One of the frustrations some people run into is that the lme4 package doesn't provide p-values. This stems from disagreements and uncertainty about how best to calculate p-values. However, if p-values are important to you, approximate p-values can be derived from the lmerTest package

```{r}
# install.packages('lme4') # if needed
# install.packages('lmerTest') if needed
require(lmerTest)
```

## Step 4. Fit the "beyond optimal" ME model(s)
Use lmer() in the lme4 package (transformed spore density is response, fInfection01, sBeesN, and interaction are the explanatory variables). 

### Q6. Show your code.
```{r beyond optimal model}
#type your code here
```


## Step 5. Compare the linear regression and ME model(s) with a likelihood ratio test.
Include correction for testing on the boundary if needed. Use the anova() command. This will re-fit your lmer model with maximum likelihood, but this is OK (note there are some debates about exactly how to best compare an lm and lmer model). Show your work and the results. 
```{r LRT}
#type your code here

```

### Q7. Which random effect structure do you choose based on the results?
type your answer here


## Step 6. Check the model
Plot standardized residuals vs. fitted values and vs. each predictor. (You can get standardized residuals with residuals(yourmodel, type='pearson')). 
```{r check}
#type your code here

```

### Q8. How do they look?
type your answer here


## Step 7. Re-fit the full model with ML
Use REML=FALSE and compare against a reduced model without the interaction term, also fit with ML. Use anova() to compare the models. 
```{r refit}

```

### Q9. Which model do you choose? Why?
type your answer here


## Step 8. Iterate Step 7 to arrive at the final model. 
Show your work. 
```{r simplification}
#type your code here

```

### Q10. What is your final set of fixed effects?
type your answer here


## Step 9. Fit the final model with REML. 
Check assumptions by plotting a histogram of residuals, plotting Pearson standardized residuals vs. fitted values, and plotting Pearson standardized residuals vs. explanatory variables. 
```{r check assumptions}
#type your code here

```

### Q11. Are there issues with the model?
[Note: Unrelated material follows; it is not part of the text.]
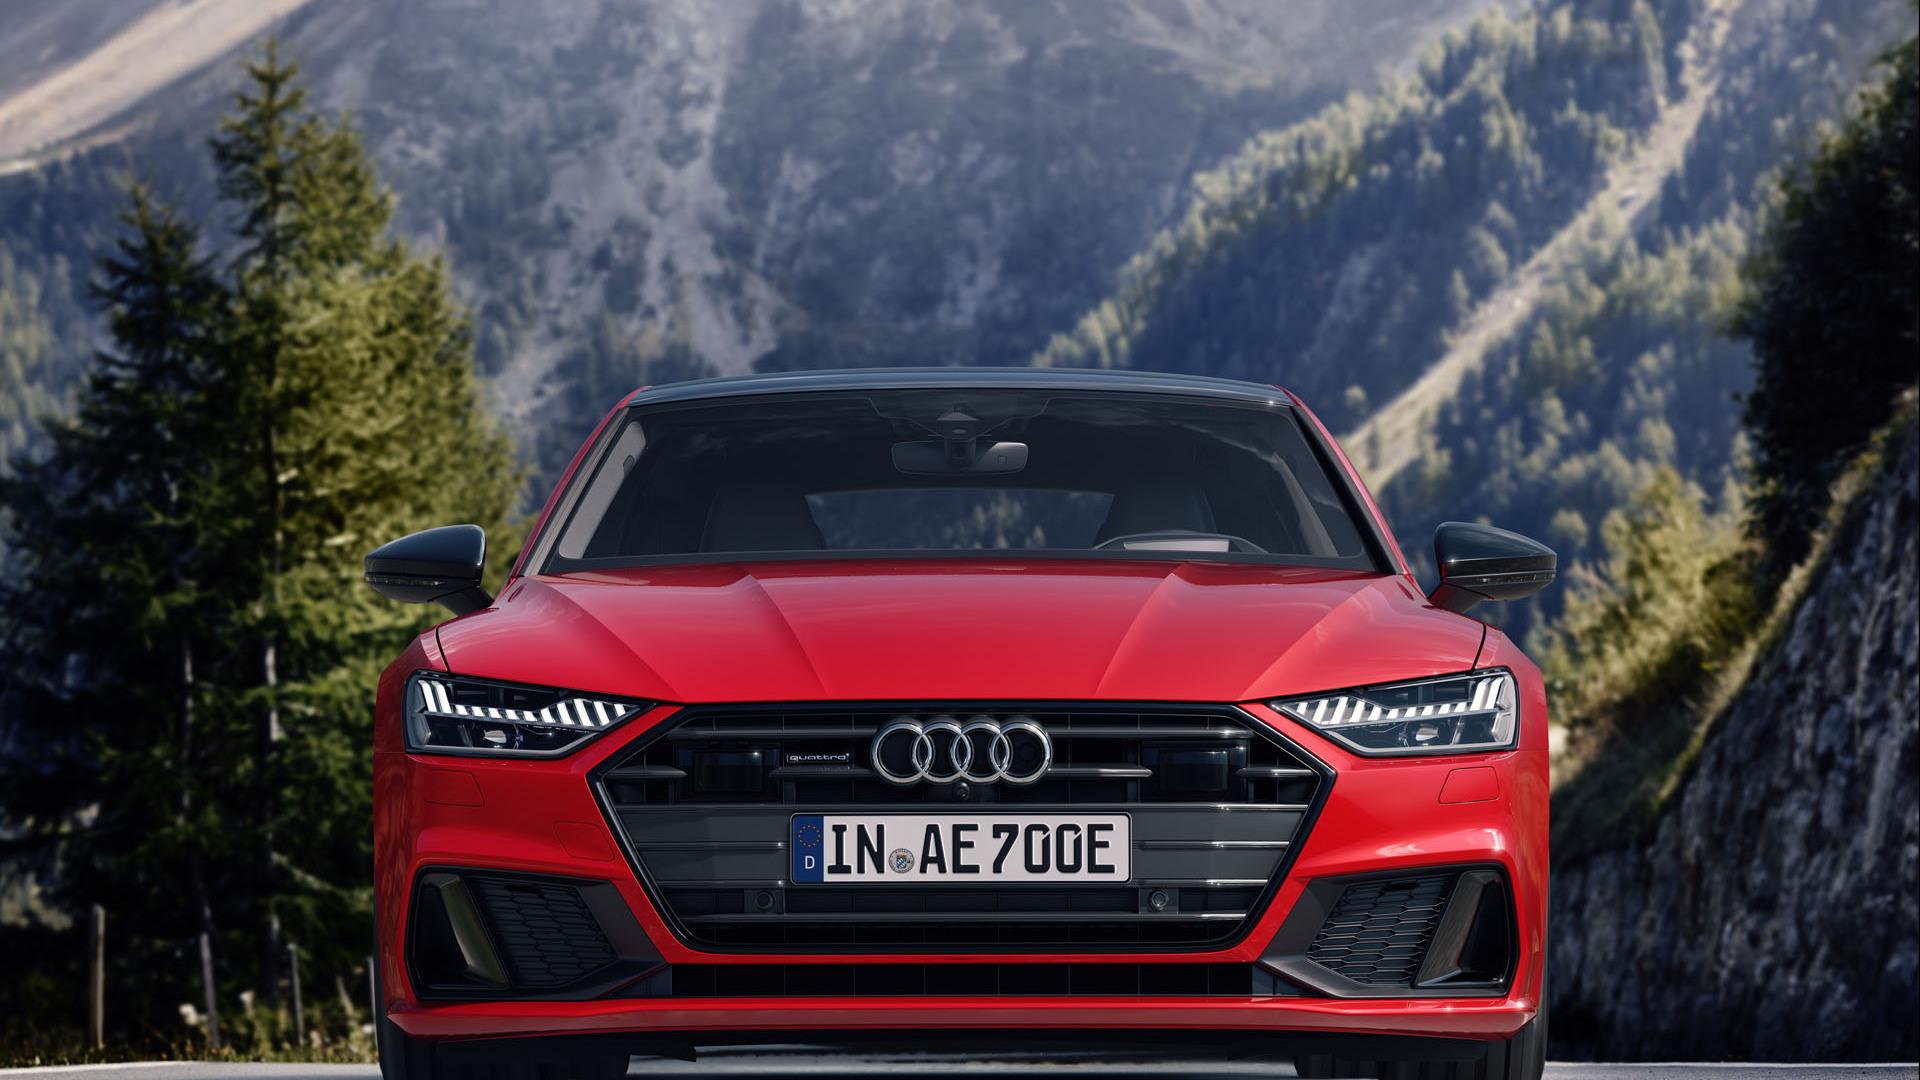 2021 Audi A7 Sportback 55 TFSI e plug-in hybrid

If so, how might you address them?
type your answer here


## Step 10. Interpret the model. 
The summary() command is useful here. 
```{r summary}
#type your code here

```

### Q12. What have you learned about American Foulbrood? 
type your answer here


Calculate the correlation between observations from the same hive as variance(fhive random effect)/(variance(fhive random effect) + variance(residual)). 
```{r correlation}
#type your code here

```

### Q13. Given the correlation among observations from the same hive, do you think it's a good use of time to sample each hive multiple times? Why or why not?